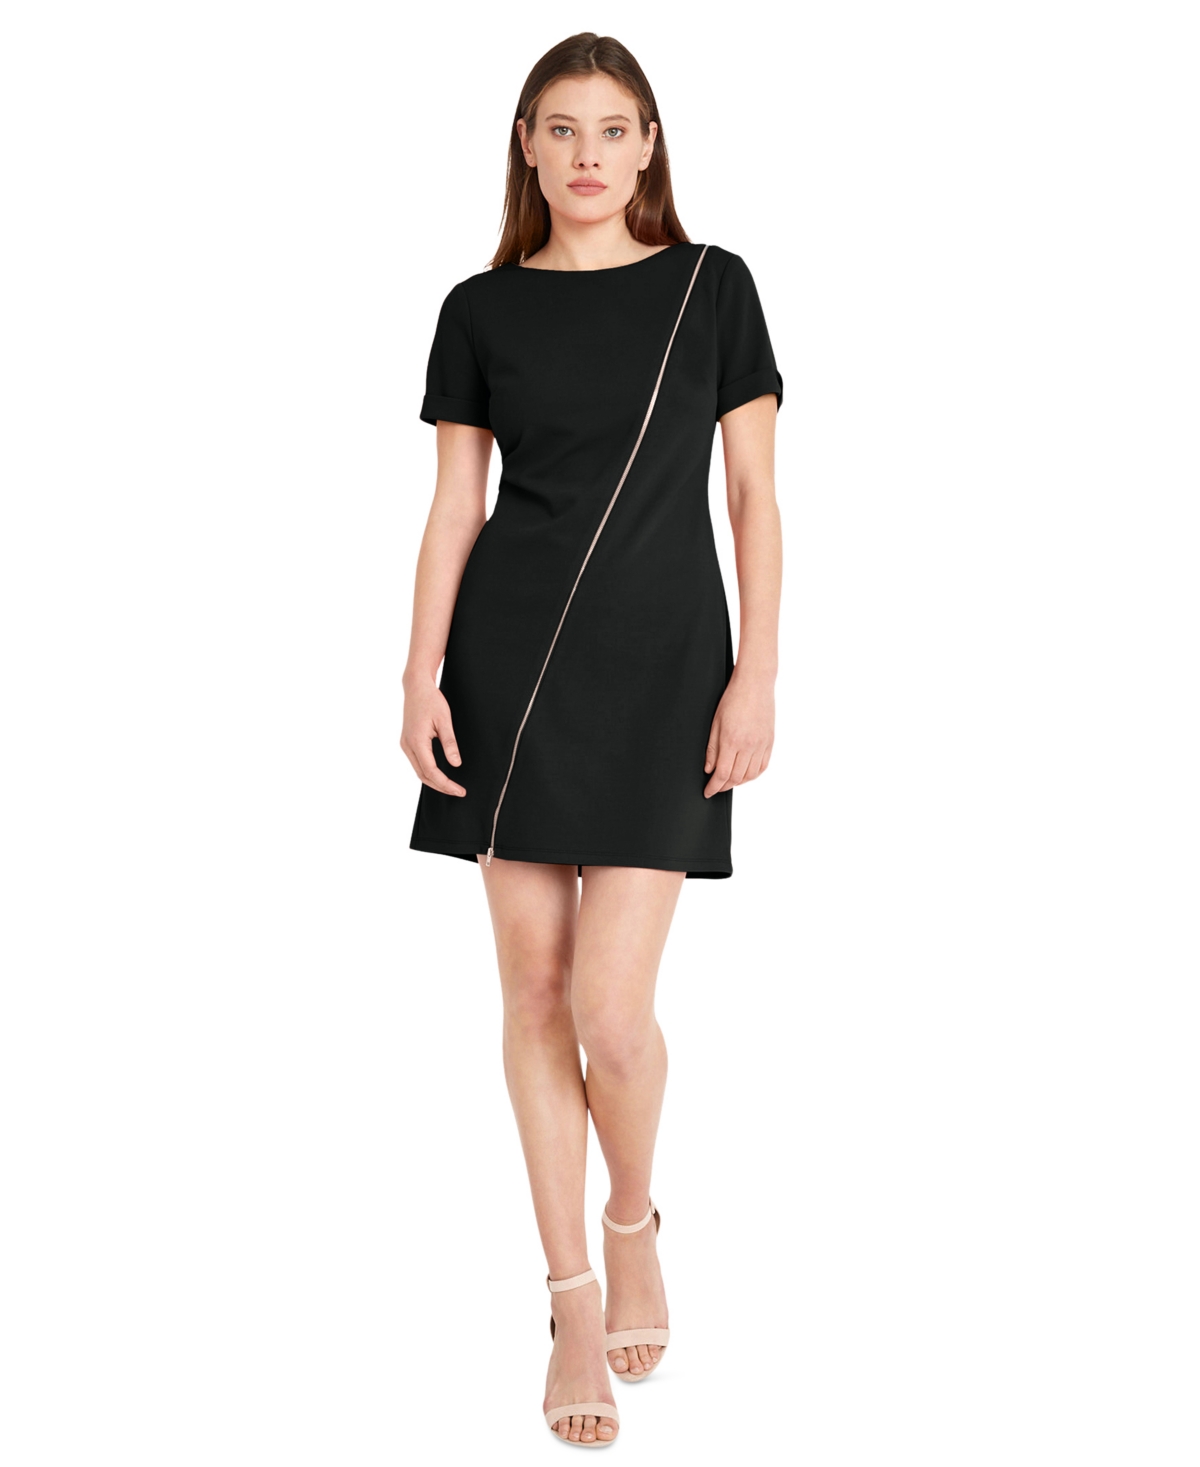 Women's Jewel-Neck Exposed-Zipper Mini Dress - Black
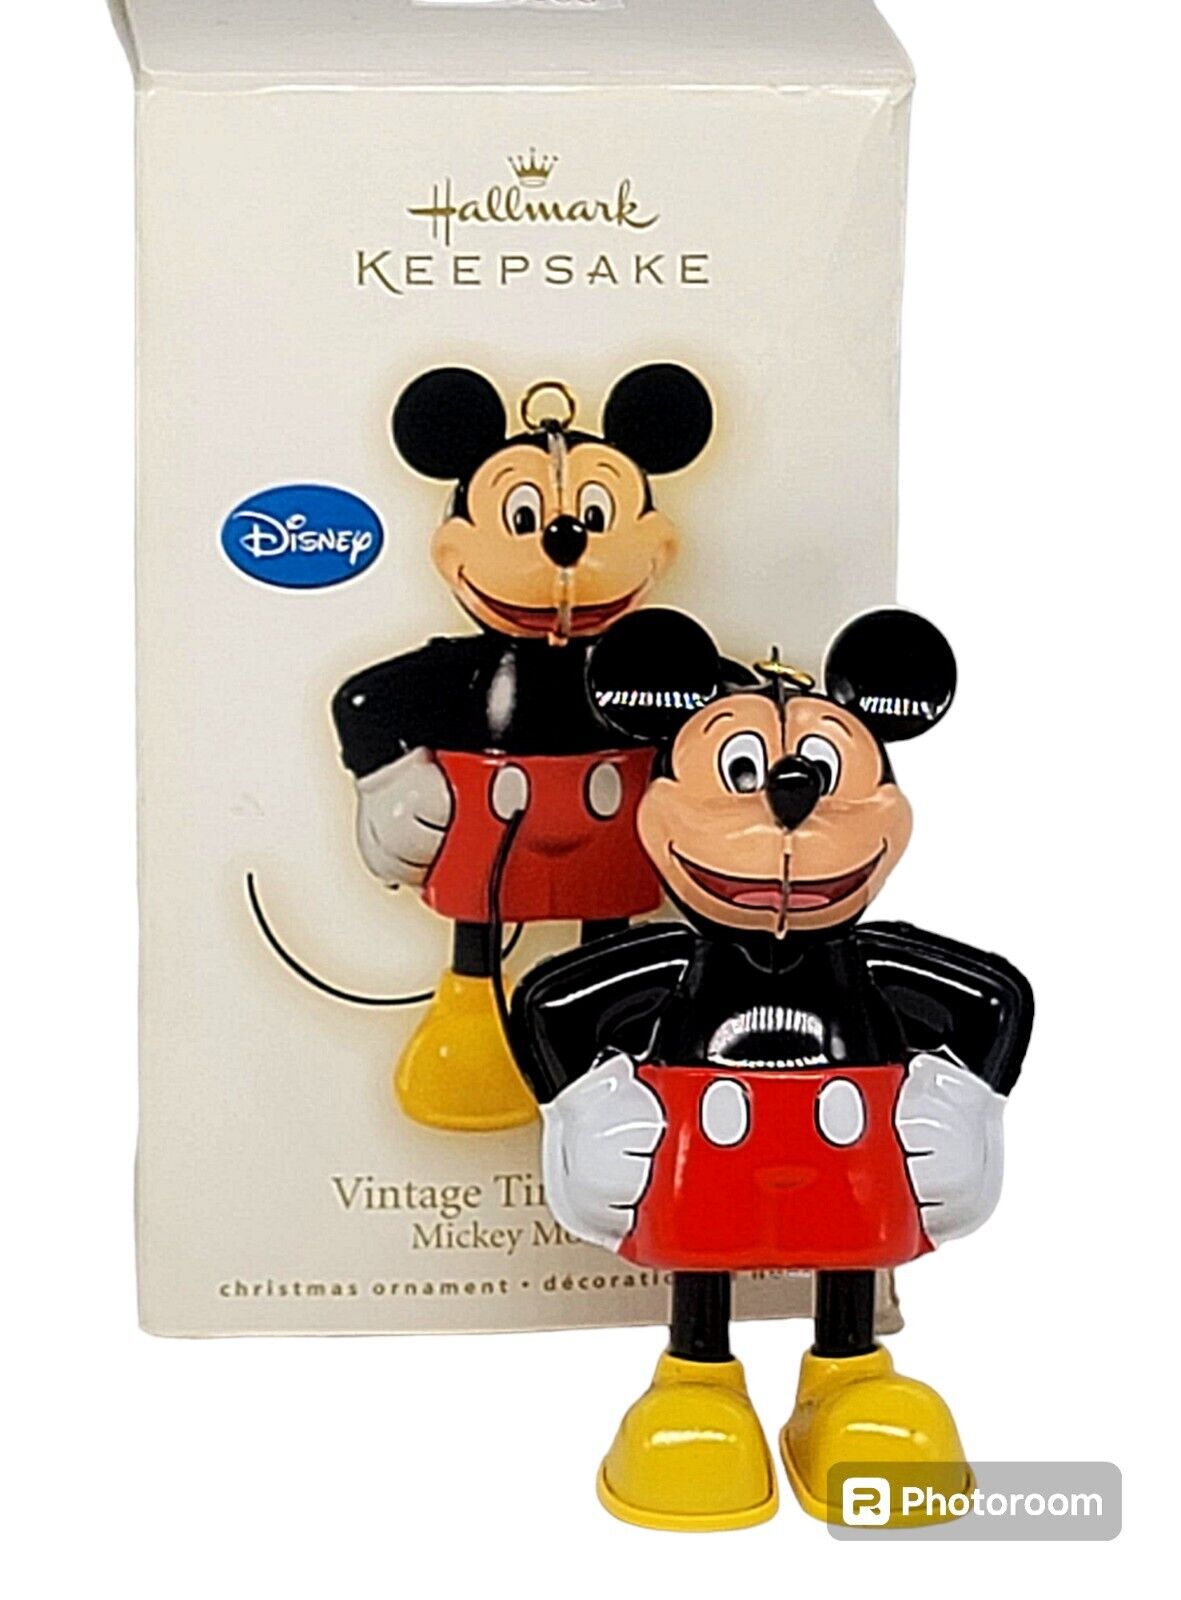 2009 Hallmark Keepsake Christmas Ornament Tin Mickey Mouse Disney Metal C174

==

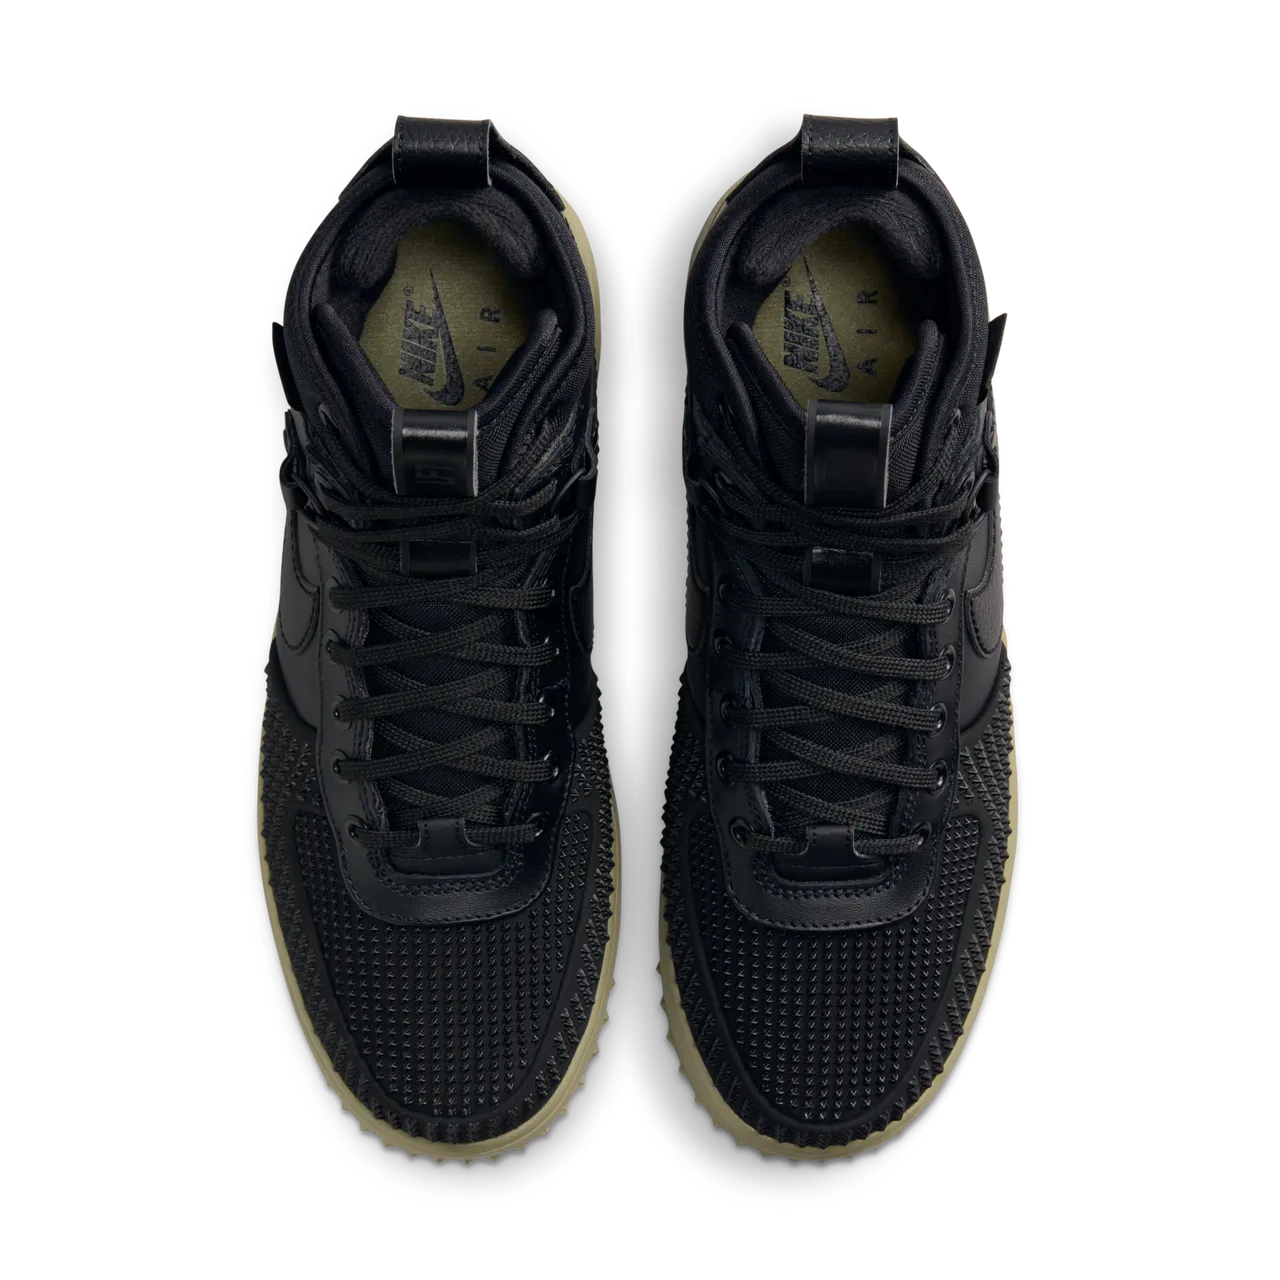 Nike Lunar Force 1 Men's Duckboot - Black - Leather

---

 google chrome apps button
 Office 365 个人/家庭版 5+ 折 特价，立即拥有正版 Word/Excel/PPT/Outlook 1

> [TASK GOAL] Will you return exactly the lines above from the one with "google chrome apps button" down to the one with "Office 365 个人/家庭版", counting both as part of the range?

> [WRITTEN ANSWER]
 google chrome apps button
 Office 365 个人/家庭版 5+ 折 特价，立即拥有正版 Word/Excel/PPT/Outlook 1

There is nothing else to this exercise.